Website Detection
A Search-based Evaluator that rapidly identifies website and URL patterns in text using carefully curated regular expressions. It classifies different types of web addresses including full URLs, domain names, IP addresses, and local development URLs.
- Use Case: Website Detection, Security Monitoring
- Analytic Engine: Search
- OWASP Risks:
- Compliance Areas:
- EU AI Act - System Security
- NIS Directive - Cybersecurity
- GDPR - Data Protection
- Valid Inputs: Text
- Scope: Full Response
- Last Update: 2025 02 26
- License: ThirdLaw License
- Dependencies: N/A
Detailed Description
The Website Detection - Search Evaluator uses specialized pattern recognition to identify various types of web addresses that might appear in text content. It detects full URLs with protocols (http/https), domain names (with or without www prefix), IP addresses (with optional ports), and local development URLs (localhost/127.0.0.1). This capability is particularly useful for monitoring whether LLMs are generating or processing website references that could potentially be used for data exfiltration, phishing attempts, or unauthorized network connections.
This Evaluator helps organizations identify when an LLM might be attempting to reference external web resources or internal network locations, which is important for security monitoring, preventing data leakage, and enforcing proper boundaries for LLM capabilities.
Input Descriptions:
The Evaluator accepts text input from both Prompt and Response Events within an Exchange.
Law Usage Example:
This Response would trigger the Evaluator since it contains a full URL with protocol and domain name:
Please visit https://example.com/products?category=electronics for more information about our latest offerings.
This Response would trigger the Evaluator since it contains a domain name without protocol but is still recognizable as a website:
You can reach our support team through the contact form on example.org or by email.
This Response would trigger the Evaluator since it contains an IP address with port number that could be used to access a web server:
The server is running at 192.168.1.100:8080 and can be accessed from your internal network.

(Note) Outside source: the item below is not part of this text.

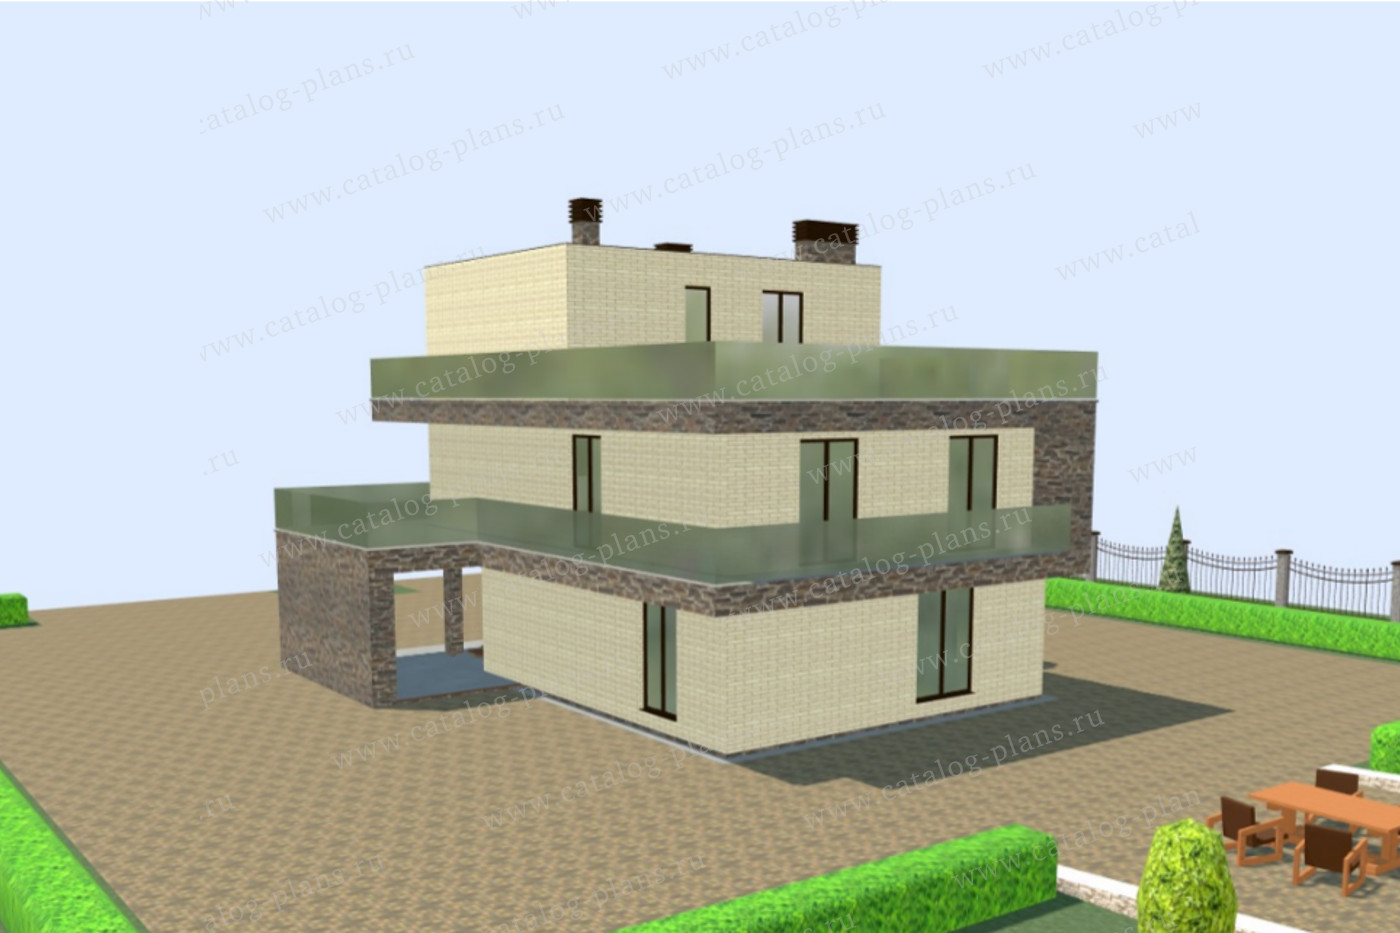 Проект 62-71XGA, жилой дом, материал - монолитный ж/б каркас с заполнением газобетоными блоками 400, количество этажей - 3, архитектурный стиль - хай-тек, фундамент - монолитный ленточный ж/б

This Response would trigger the Evaluator since it contains a localhost reference commonly used for web development:
For local development, open your browser and navigate to localhost:3000 to view the application.
This Response would not trigger the Evaluator since it doesn't contain any website patterns, URLs, domain names, IP addresses, or localhost references:
The documentation explains how to configure your application settings properly.
Output Descriptions:
Returns a Finding containing Boolean flags for each type of web address:
{
"WebsiteDetection-Search.any": [True/False],
"WebsiteDetection-Search.is_full_url": [True/False],
"WebsiteDetection-Search.is_domain": [True/False],
"WebsiteDetection-Search.is_ip_address": [True/False],
"WebsiteDetection-Search.is_localhost": [True/False]
}
Configuration Options:
N/A
Data & Dependencies
Data Sources
Pattern library developed based on standard URL and domain name formats, following RFC 3986 (URI) and RFC 1034/1035 (DNS) specifications.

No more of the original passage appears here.